Соберите клеточную суспензию внутри колбы и переложите ее в трубку размером 1,5 миллилита для повторного суспензии. Центрифугируют клетки в течение 10 минут при 120 разах G.Seed 0,32 млн клеток на лунку в шести лунке пластины в трех миллилитрах полной среды. Поместите пластину в инкубатор и культивируете ее при 37 градусах Цельсия и 5% углекислого газа.

Культивирует клетки при 37 градусах Цельсия и 5% углекислого газа в увлажненный инкубатор. Через три-четыре дня пипетку вверх и вниз, чтобы собрать неприлипание клетки и положить половину объема в другой колодец. Наполните лунку до одного миллилитра полной средой.

Еще через три-четыре дня повторите сбор клеток, на этот раз объединив неприсоединяющиеся клетки из двух скважин в одну. Добавьте среду ко всем скважинам. Наблюдайте за клетками и меняйте среду два раза в неделю.

Когда клетки достигнут слияния, переключитесь на полную среду с 1% FBS. Используя вышеупомянутые протоколы, клетки IPE и RPE были успешно выделены и культивированы из пяти различных видов. Паттерн экспрессии RPE был подтвержден в первичных бытовых клетках IPE иммунофлуоресценцией для RPE65.

Жизнеспособность клеток изучали для исключения потенциальной токсичности электропорационного буфера с использованием коммерчески доступного набора для анализа цитотоксичности и электропорированного контроля узла. Никакого влияния на жизнеспособность клеток не наблюдалось. Прекультурные пигментные эпителиальные клетки разных видов были трансфекциированы желтым флуоресцентным белком Венеры.

Трансфекированные клетки RPE19 использовались в качестве положительного контроля. Здесь показана количественная оценка эффективности трансфекции в прекультурных свиноводческих RPE. Свежеизолированные пигментные эпителиальные клетки кролика были трансфекционны желтым флуоресцентным белком Венеры и контролировались с помощью микроскопии.

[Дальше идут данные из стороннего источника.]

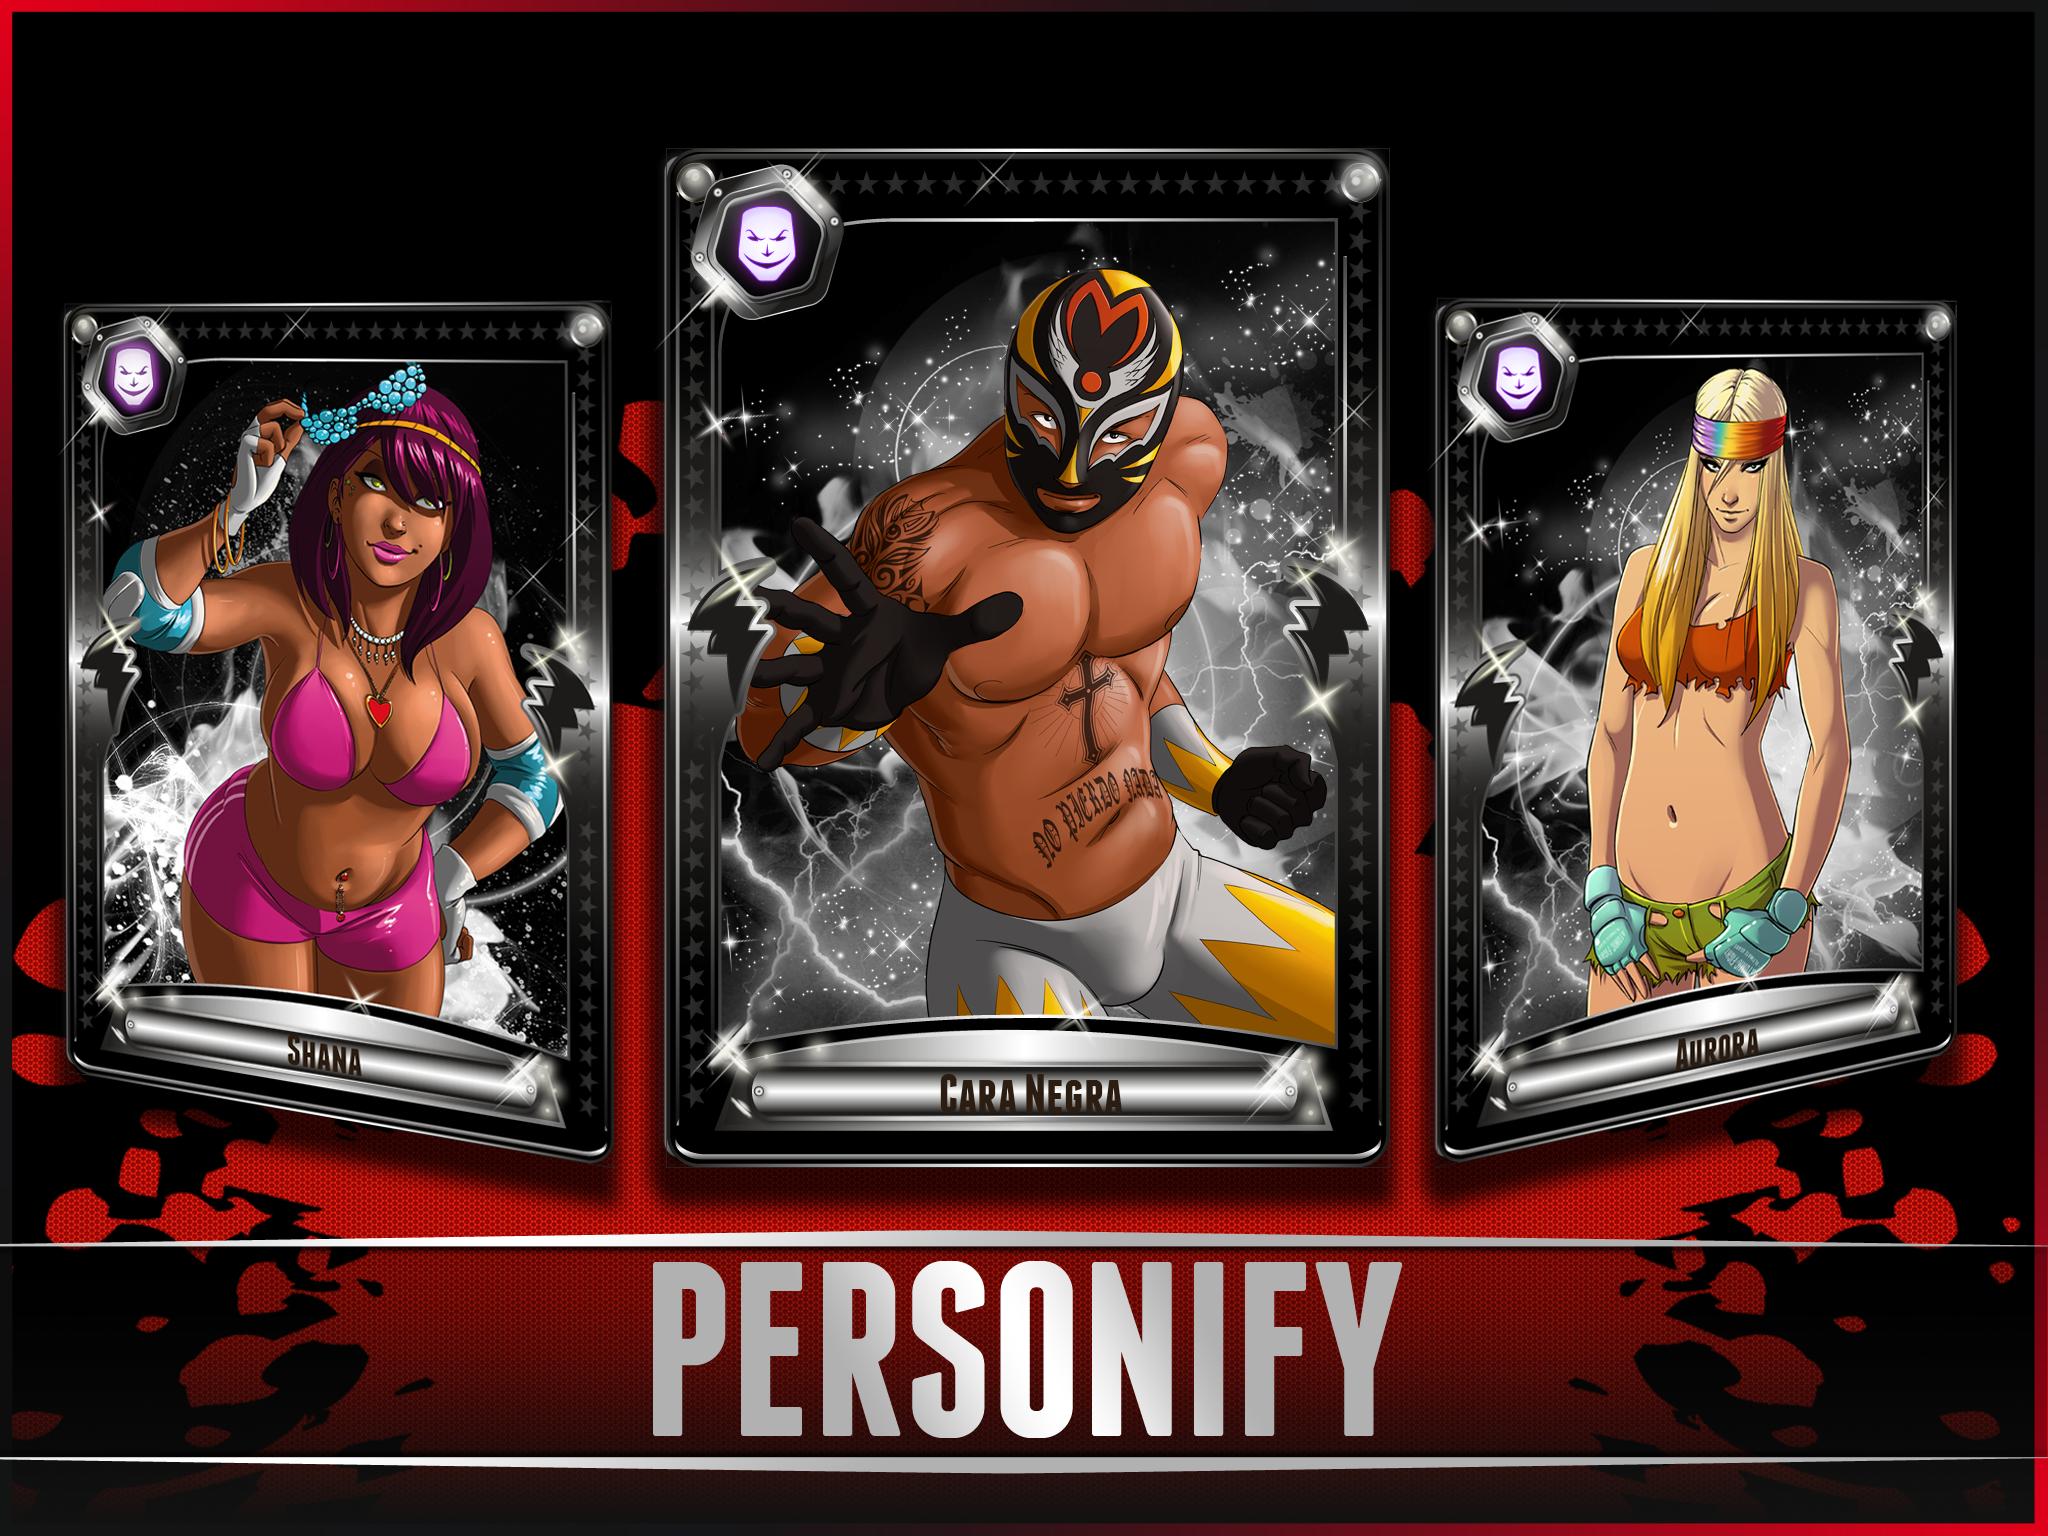 http://img.appular.com.s3.amazonaws.com/Wrestling%20Storm%20Screenshots/Wrestling%20Storm%20Screenshot%205.png
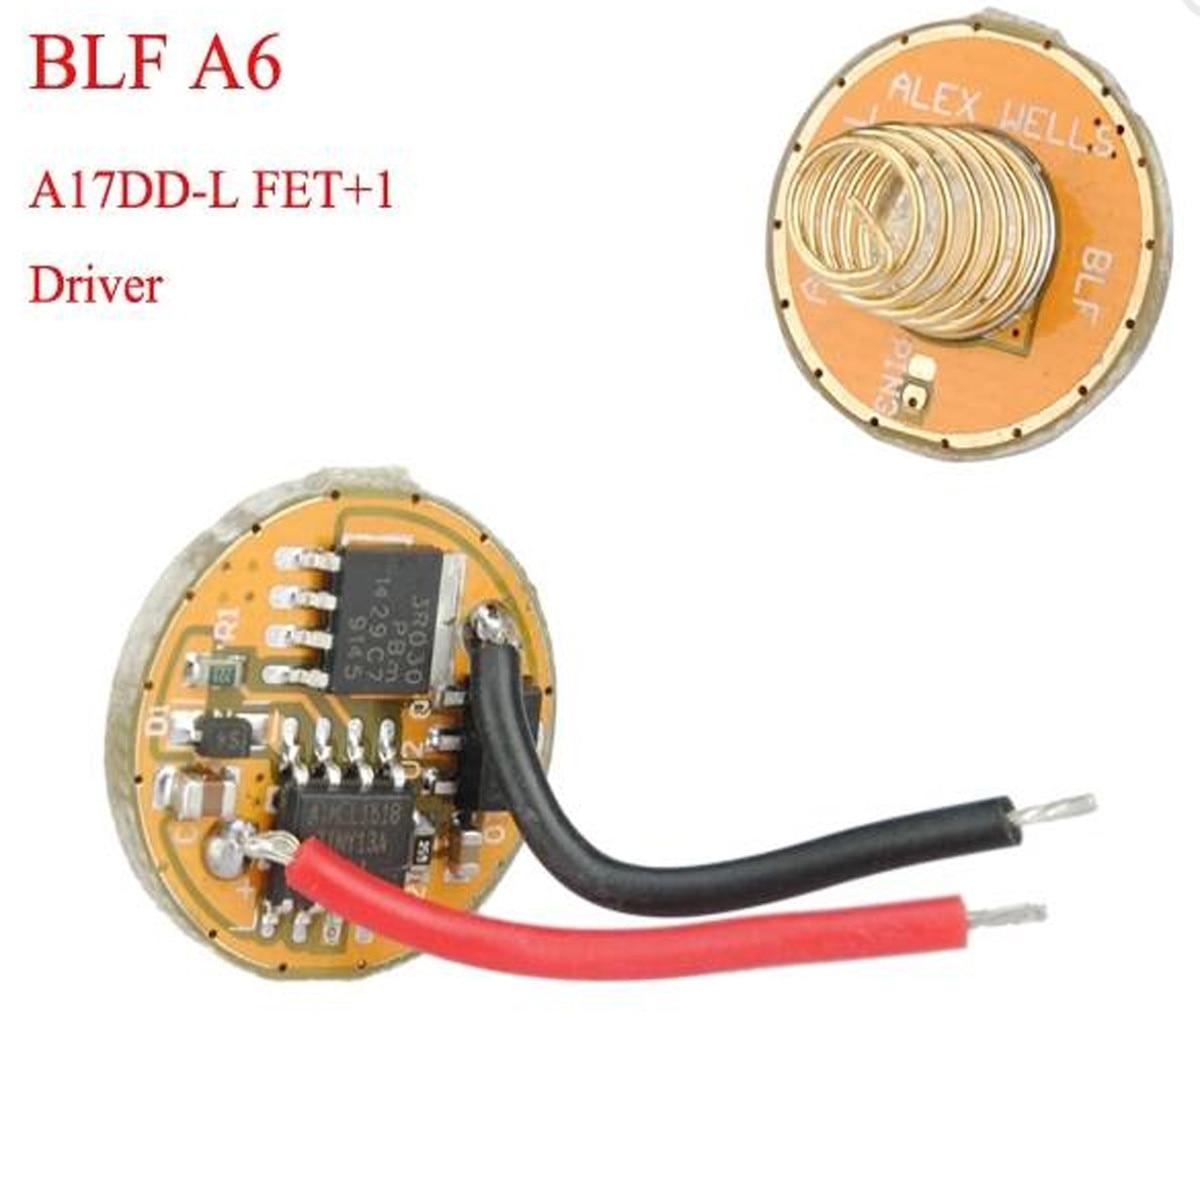 Astrolux S1 BLF A6 A17DD-L FET+1 2.8-4.35v 7/4 Modes LED Flashlight Driver

Пигментные эпителиальные клетки трансфектировали фактором, полученным из пигментного эпителия, а секреция белка контролировалась западным пятном. Сигнал для трансфекционных клеток был выше по сравнению с непереперераженными клетками для всех видов и дней исследования, и в течение этого времени не наблюдалось снижения секреции белка. Очень важно избегать соскабливания ячеек острыми инструментами.

Здесь используются огнеполированные пипетки Пастера, за исключением маленьких мышиных глаз, где необходимо использовать круглый скальпель. Пигментные эпителиальные клетки могут быть использованы для разработки подходов генной терапии и для моделирования патологических состояний, например, повреждения окислительным стрессом. Эти модели также могут быть использованы для тестирования терапевтических препаратов.